Each line below must be set down exactly; omit any image you find.

DATA ▸
..............................

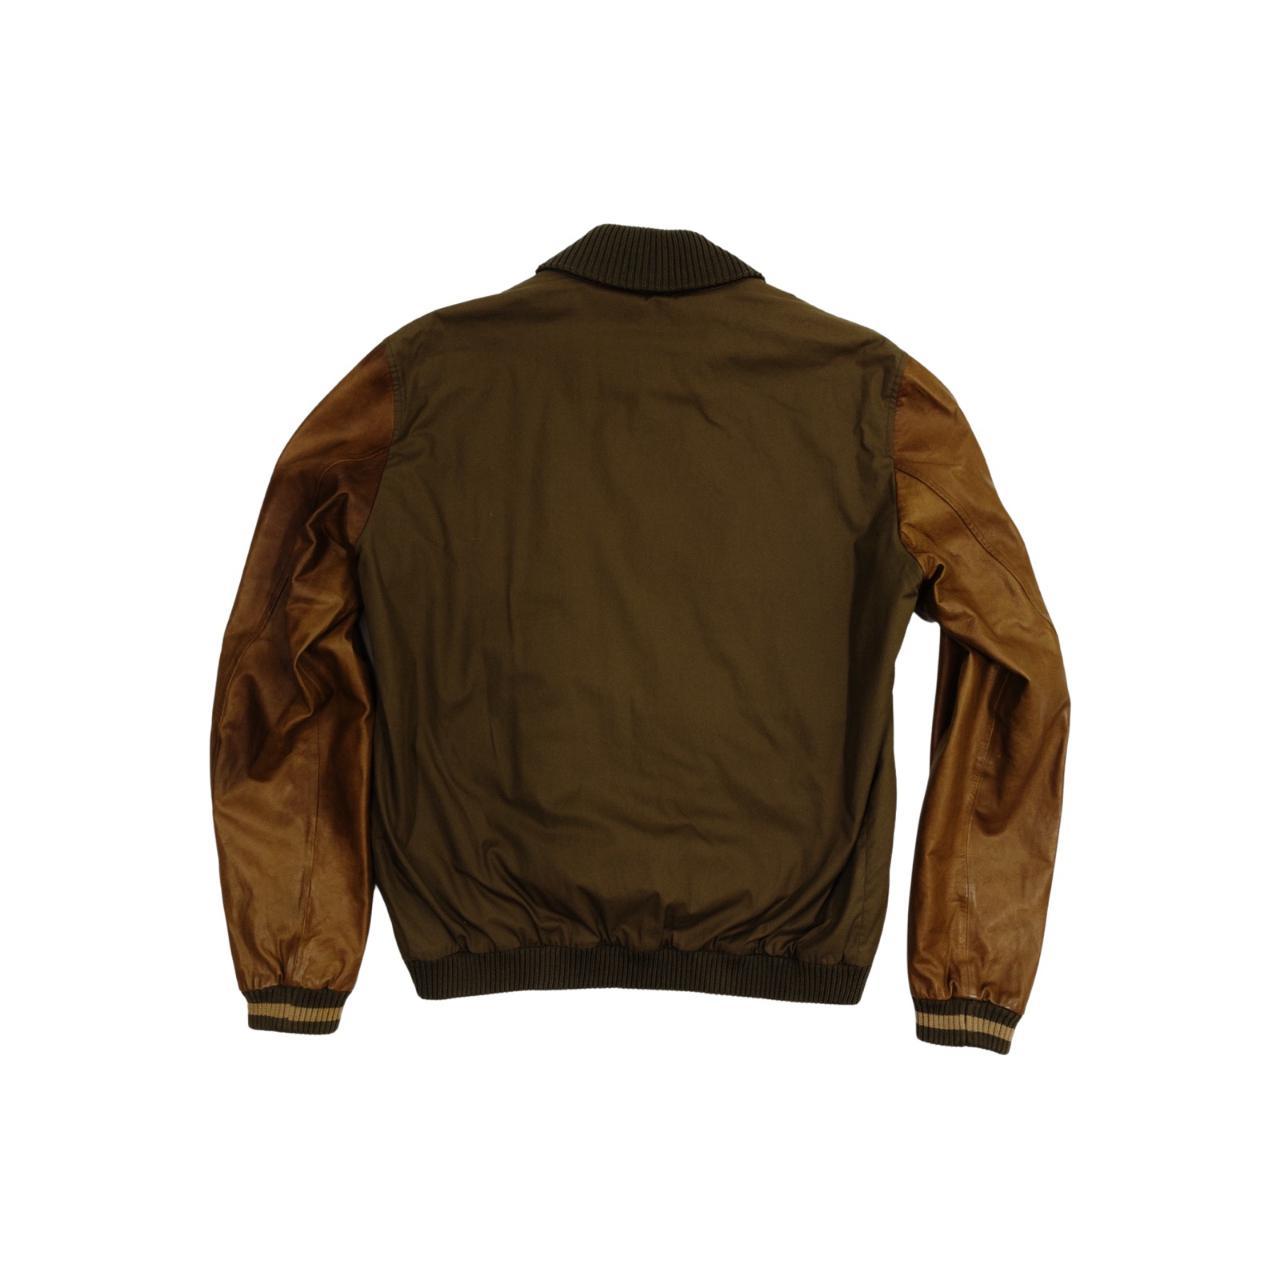 Gucci Men's Brown and Green Jacket (2)
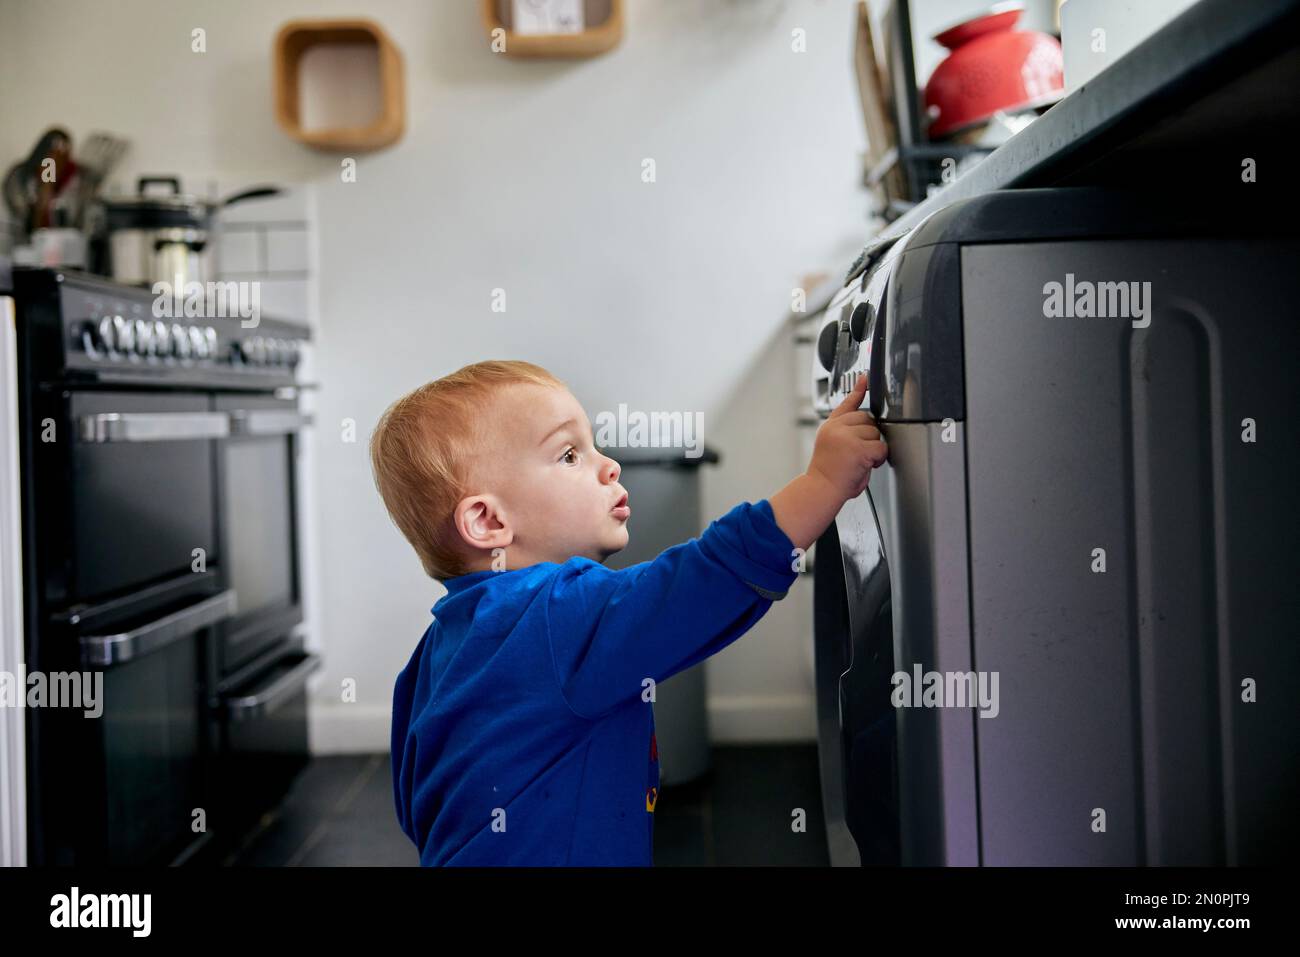 Toddler reaching up and touching appliance in kitchen Stock Photo
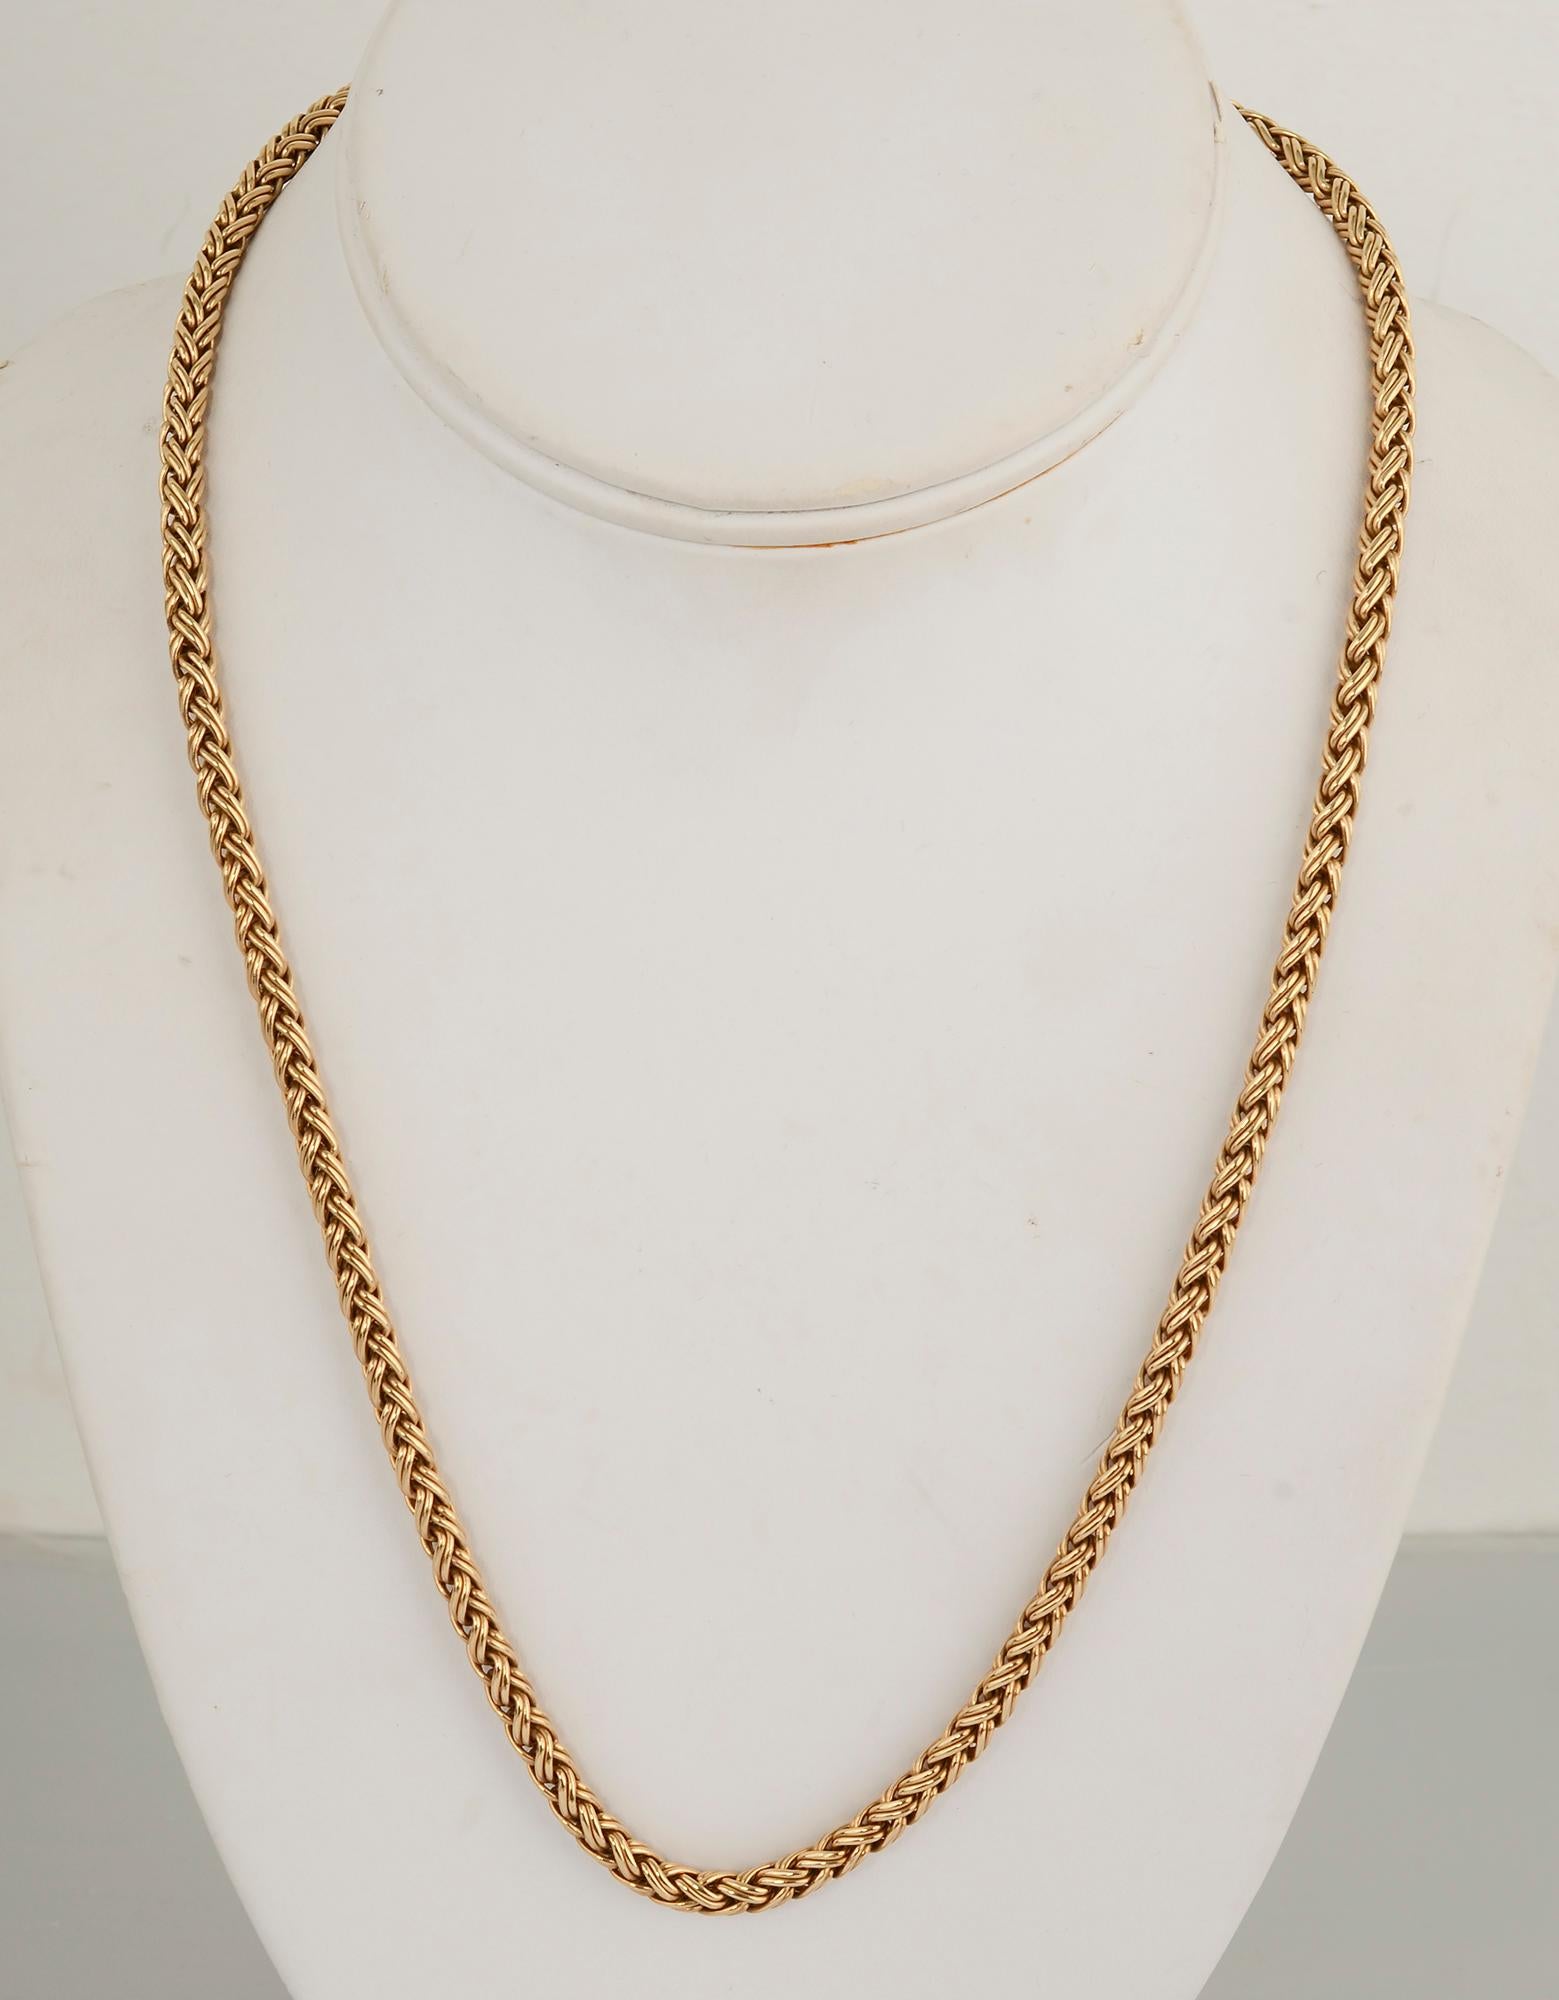 Beautifully woven wheat chain necklace by Tiffany. The necklace is totally in the round as is the tubular shaped push clasp. The chain is 20 1/2 inches long and 3/8

..............................

ANSWER SECTION ▸
 Gucci Men's Brown and Green Jacket (2)
 Toddler reaching up and touching appliance in kitchen Stock Photo
 Beautifully woven wheat chain necklace by Tiffany. The necklace is totally in the round as is the tubular shaped push clasp. The chain is 20 1/2 inches long and 3/8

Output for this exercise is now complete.